## SUPPLIED INFORMATION

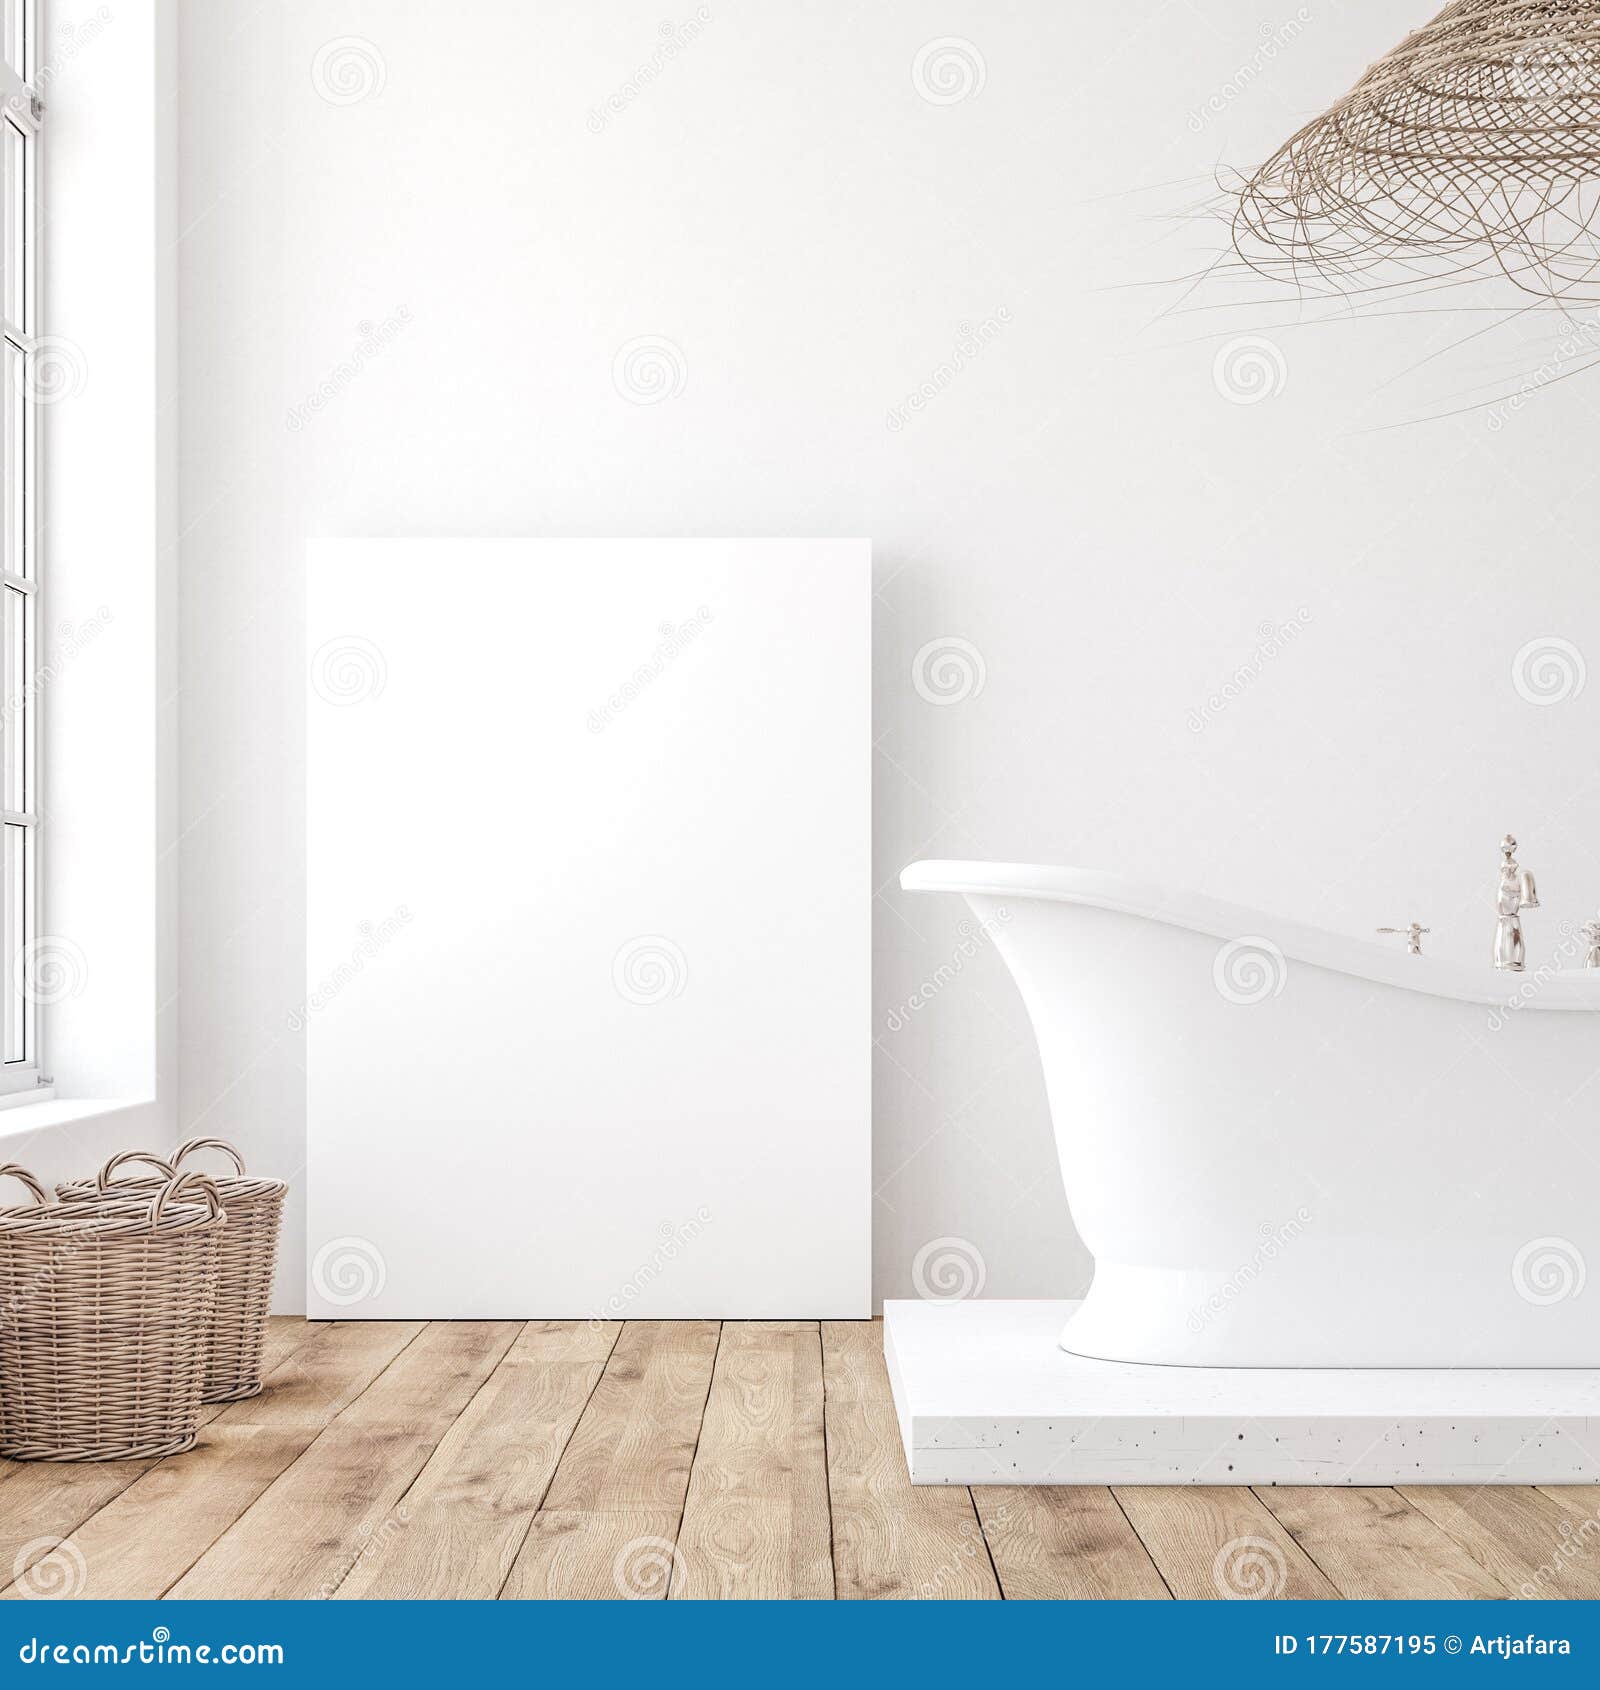 Download Mockup Canvas In Minimalist White Bathroom Interior Stock Illustration Illustration Of Bright Frame 177587195
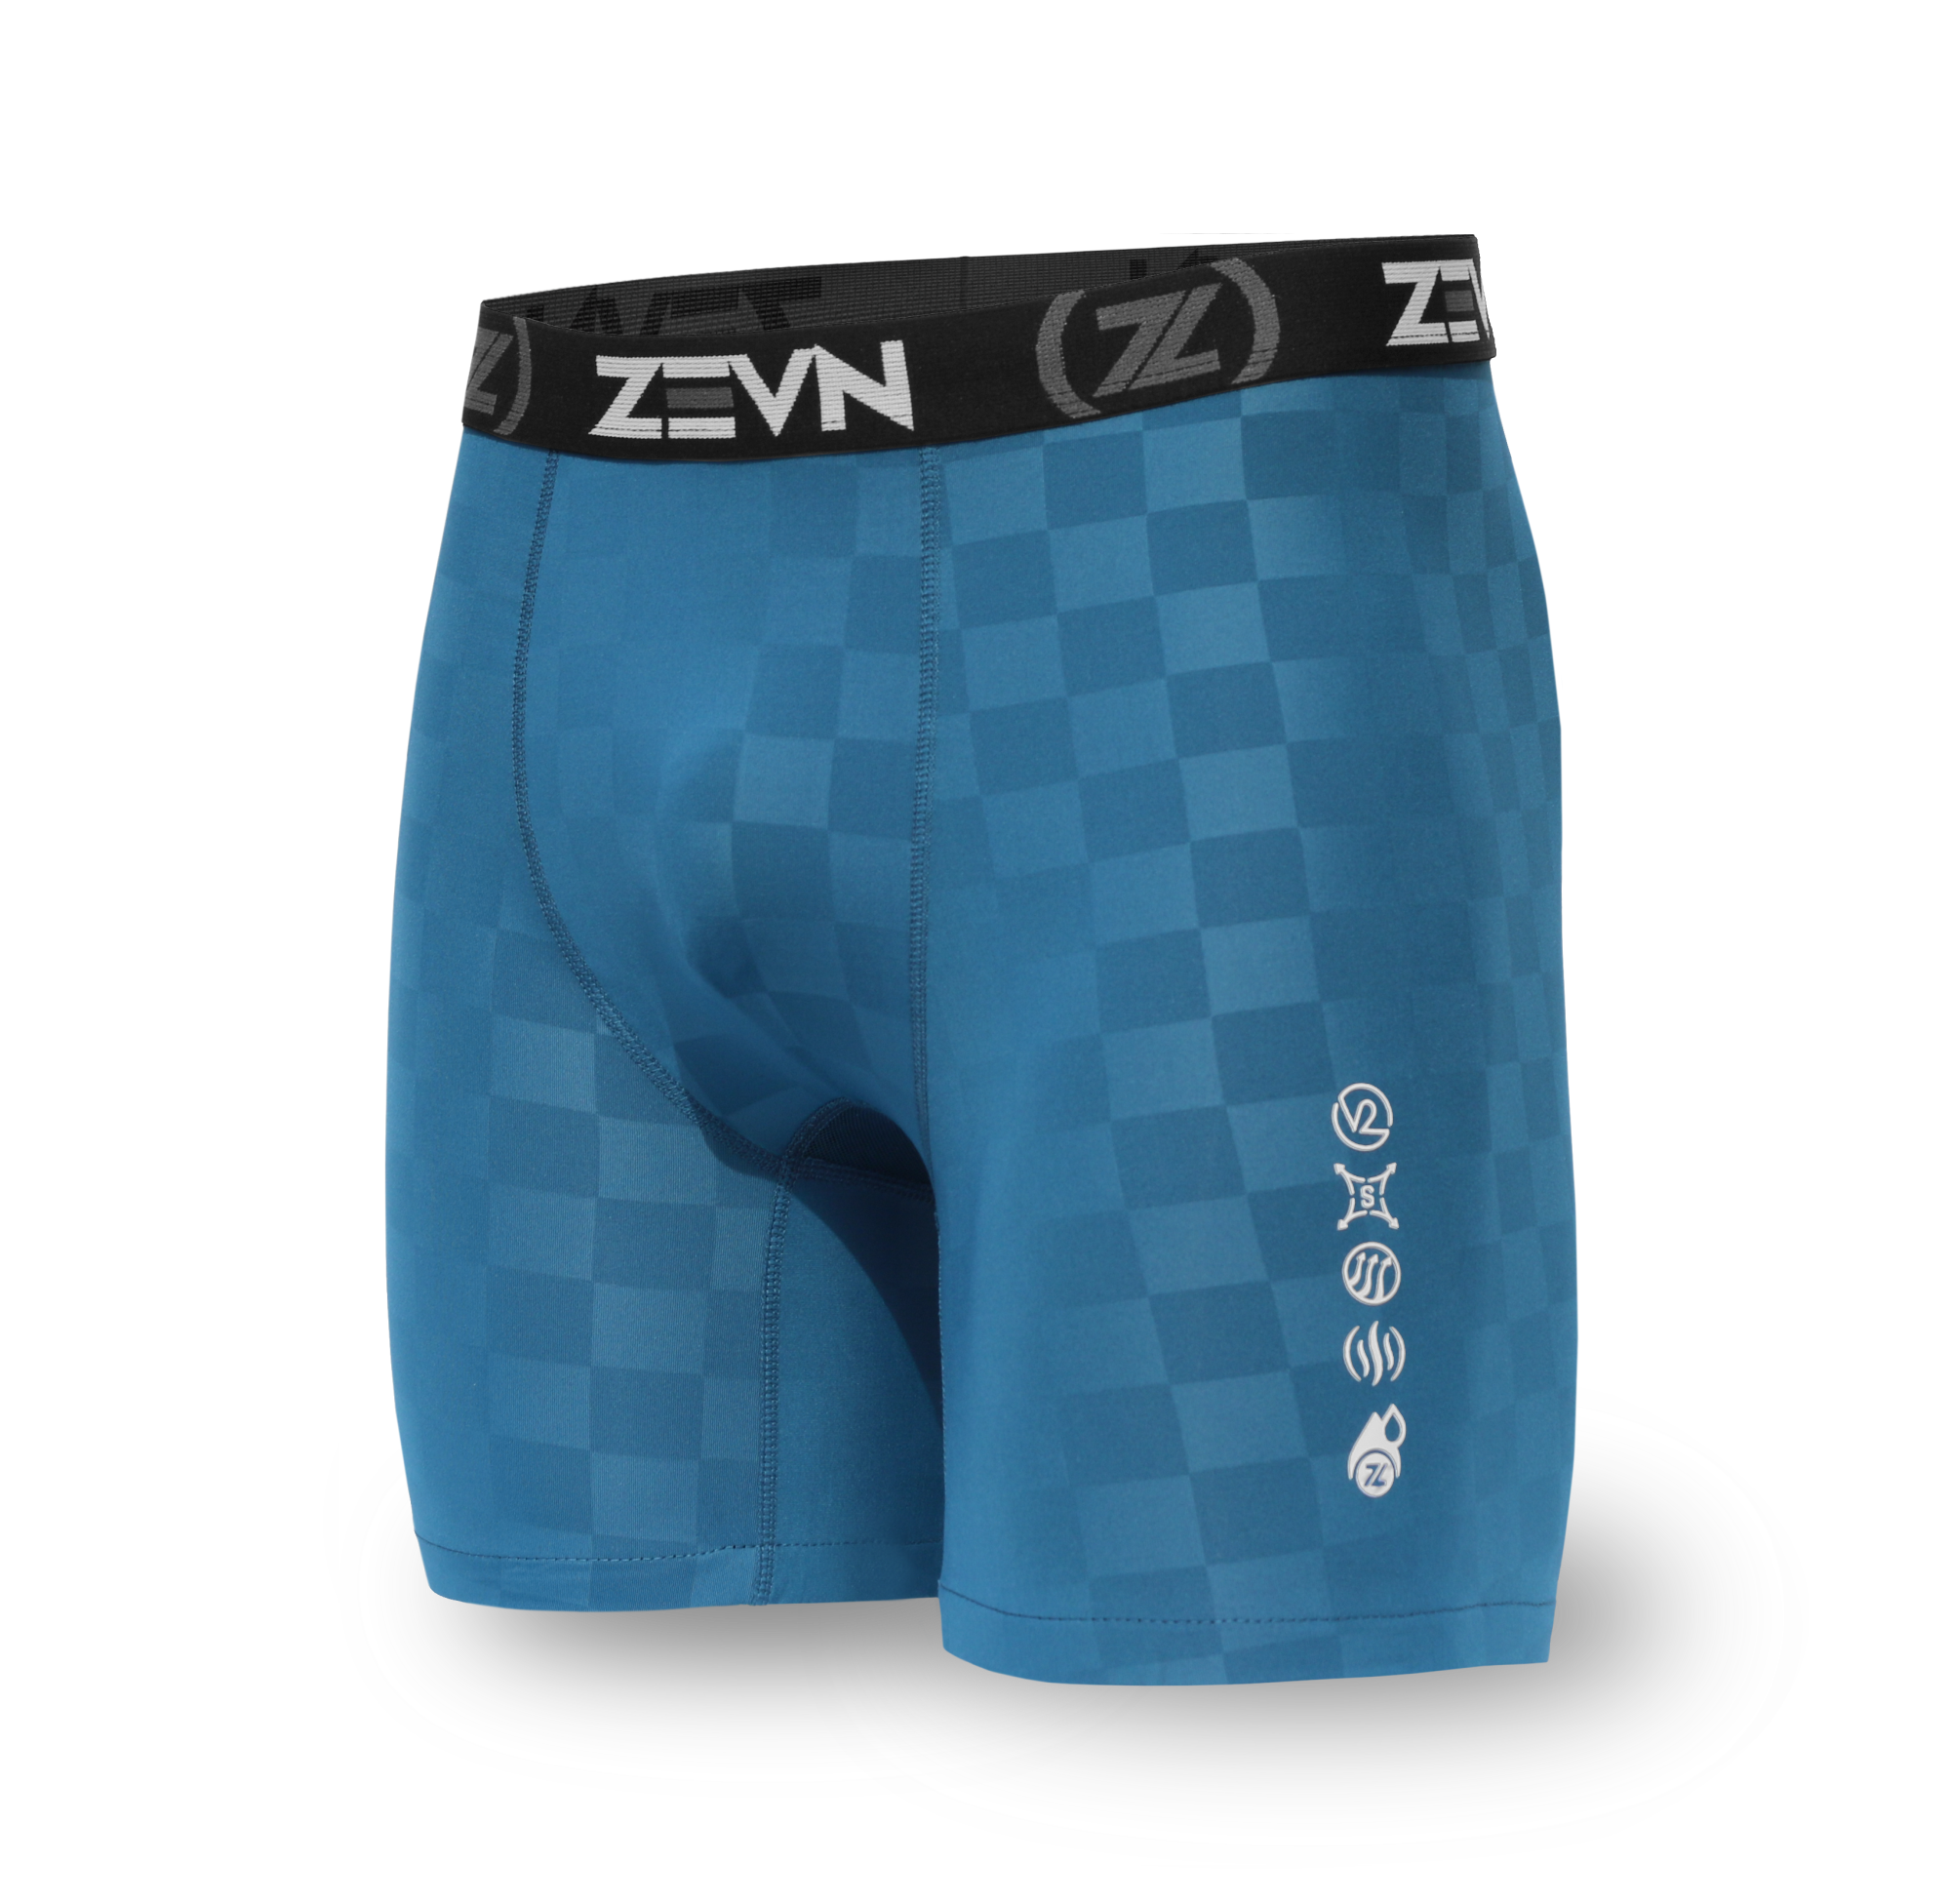 Men V2 – ZEVN USA Sports Underwear
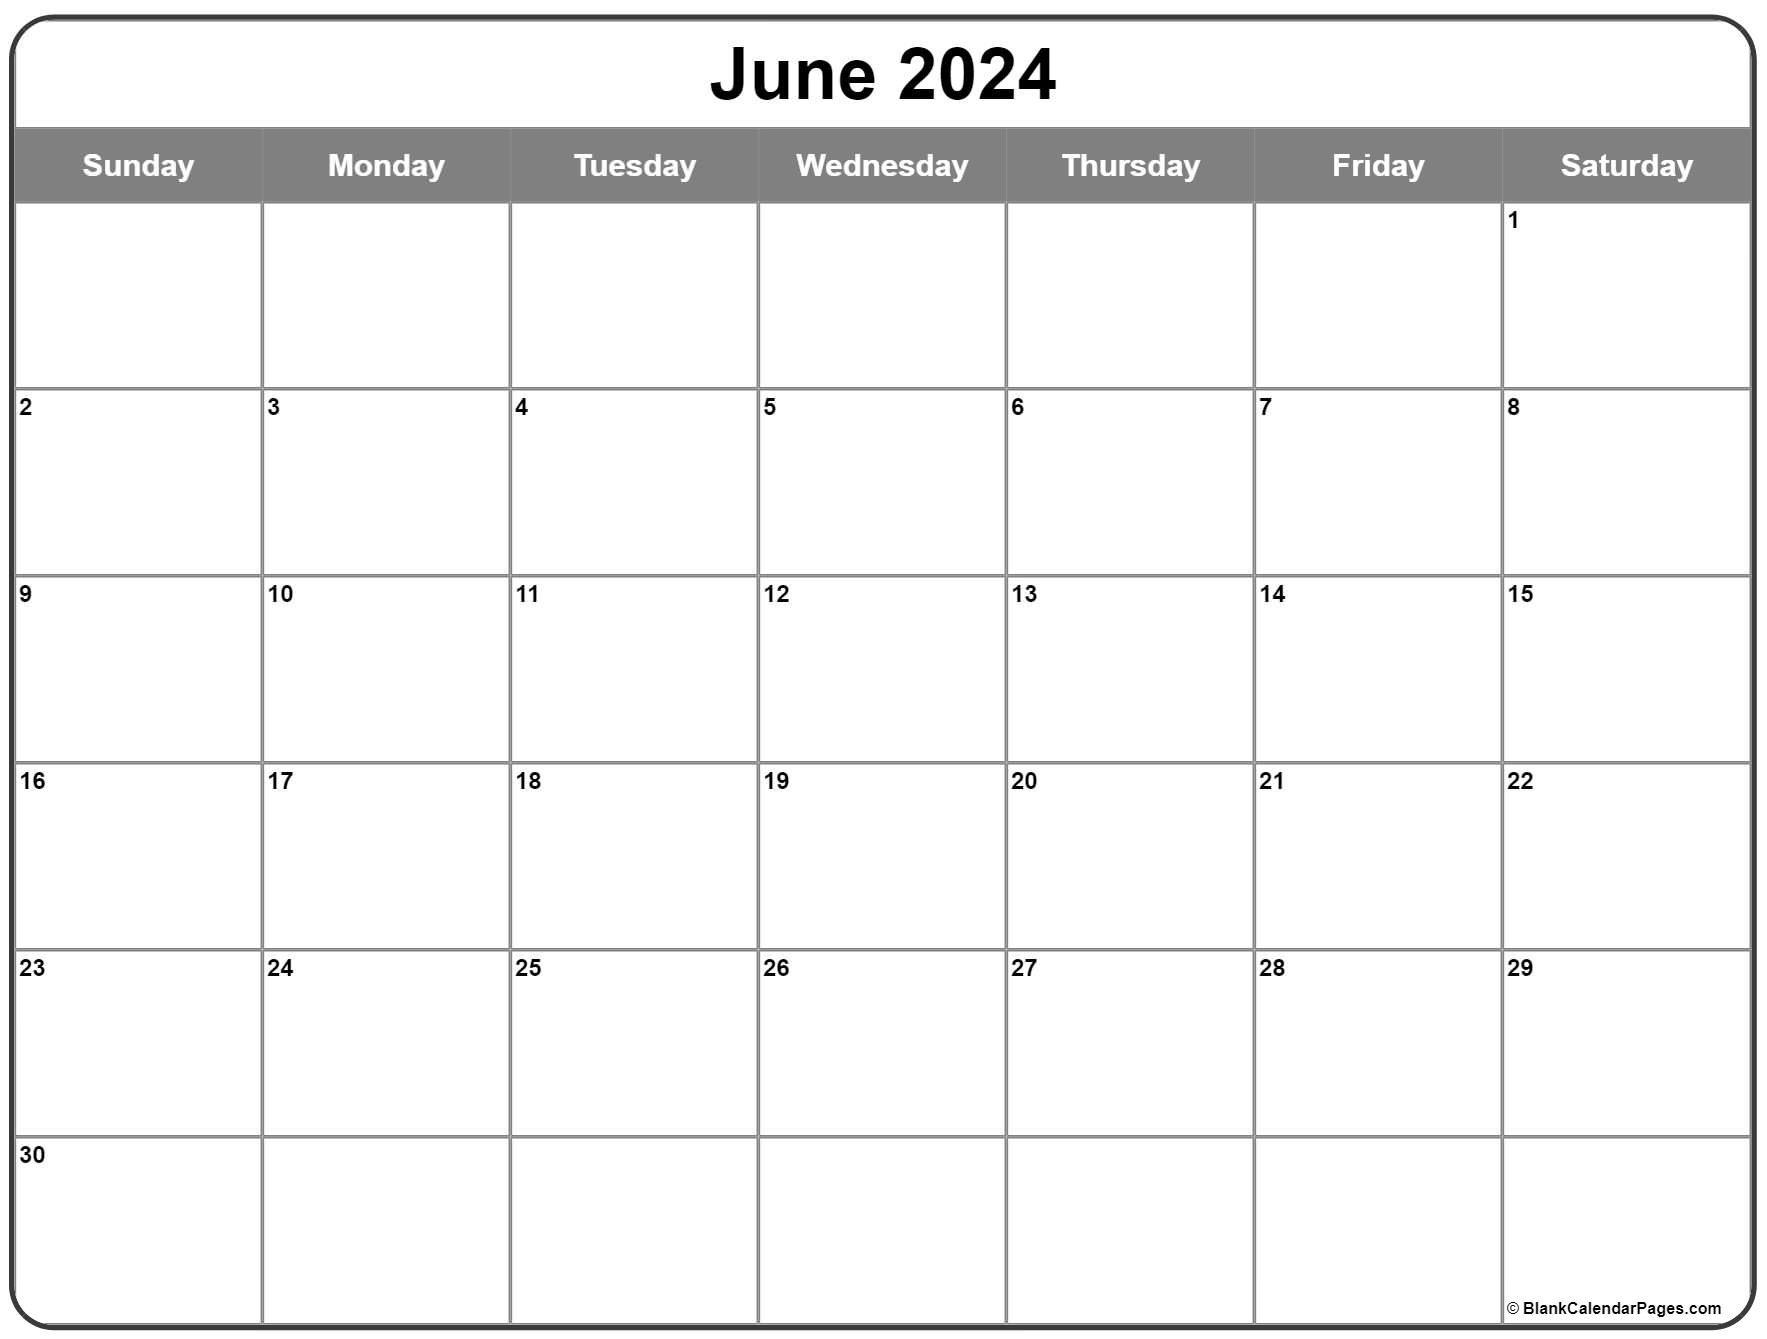 June 2024 Calendar Free Printable Calendar | Free Printable 2024 June Calendar

## ABOUT THIS TASK
Pictures are not part of the copy. Restate everything else in the listing word for word.

## OUTPUT BELOW
 Download Mockup Canvas In Minimalist White Bathroom Interior Stock Illustration Illustration Of Bright Frame 177587195
 Men V2 – ZEVN USA Sports Underwear
 June 2024 Calendar Free Printable Calendar | Free Printable 2024 June Calendar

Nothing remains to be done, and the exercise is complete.